The phrase global warming refers to the documented historical warming of the Earth's surface based upon worldwide temperature records that have been maintained by humans since the 1880s. The term global warming is often used synonymously with the term climate change, but the two terms have distinct meanings. Global warming is the combined result of anthropogenic (human-caused) emissions of greenhouse gases and changes in solar irradiance, while climate change refers to any change in the state of the climate that can be identified by changes in the average and/or the variability of its properties (e.g., temperature, precipitation), and that persists for an extended period, typically decades or longer.

 

Global Mean Temperature over Land and Ocean (Jan-Dec).
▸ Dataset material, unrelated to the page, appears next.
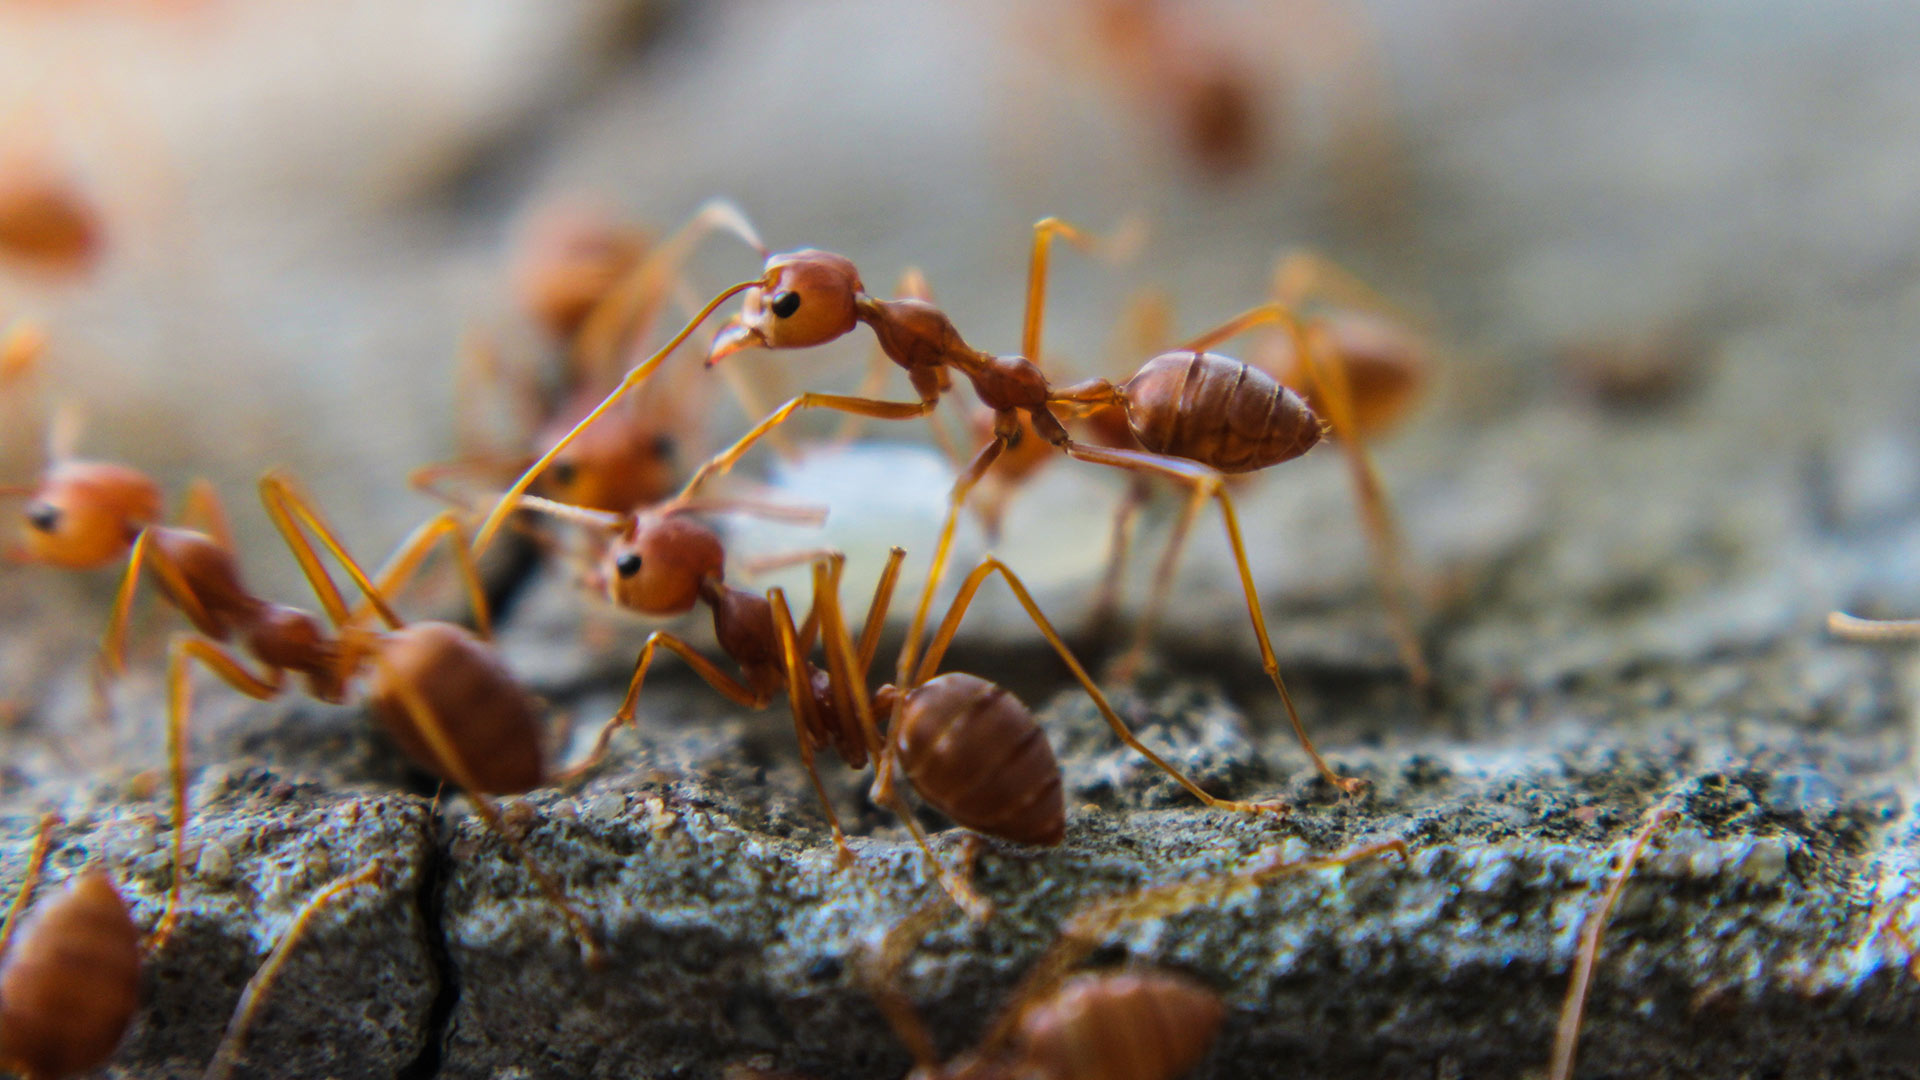 Are Fire Ants on Your Property? Here’s 3 Things You Should Do

According to the World Meteorological Organization (WMO), the decade of 1998-2007 is the warmest on record. The global mean surface temperature for 2007 is currently estimated at 0.41°C/0.74°F above the 1961-1990 annual average of 14.00°C/57.20°F. WMO states that among other remarkable global climatic events recorded in 2007, a record-low Arctic sea ice extent was observed which led to first recorded opening of the Canadian Northwest Passage.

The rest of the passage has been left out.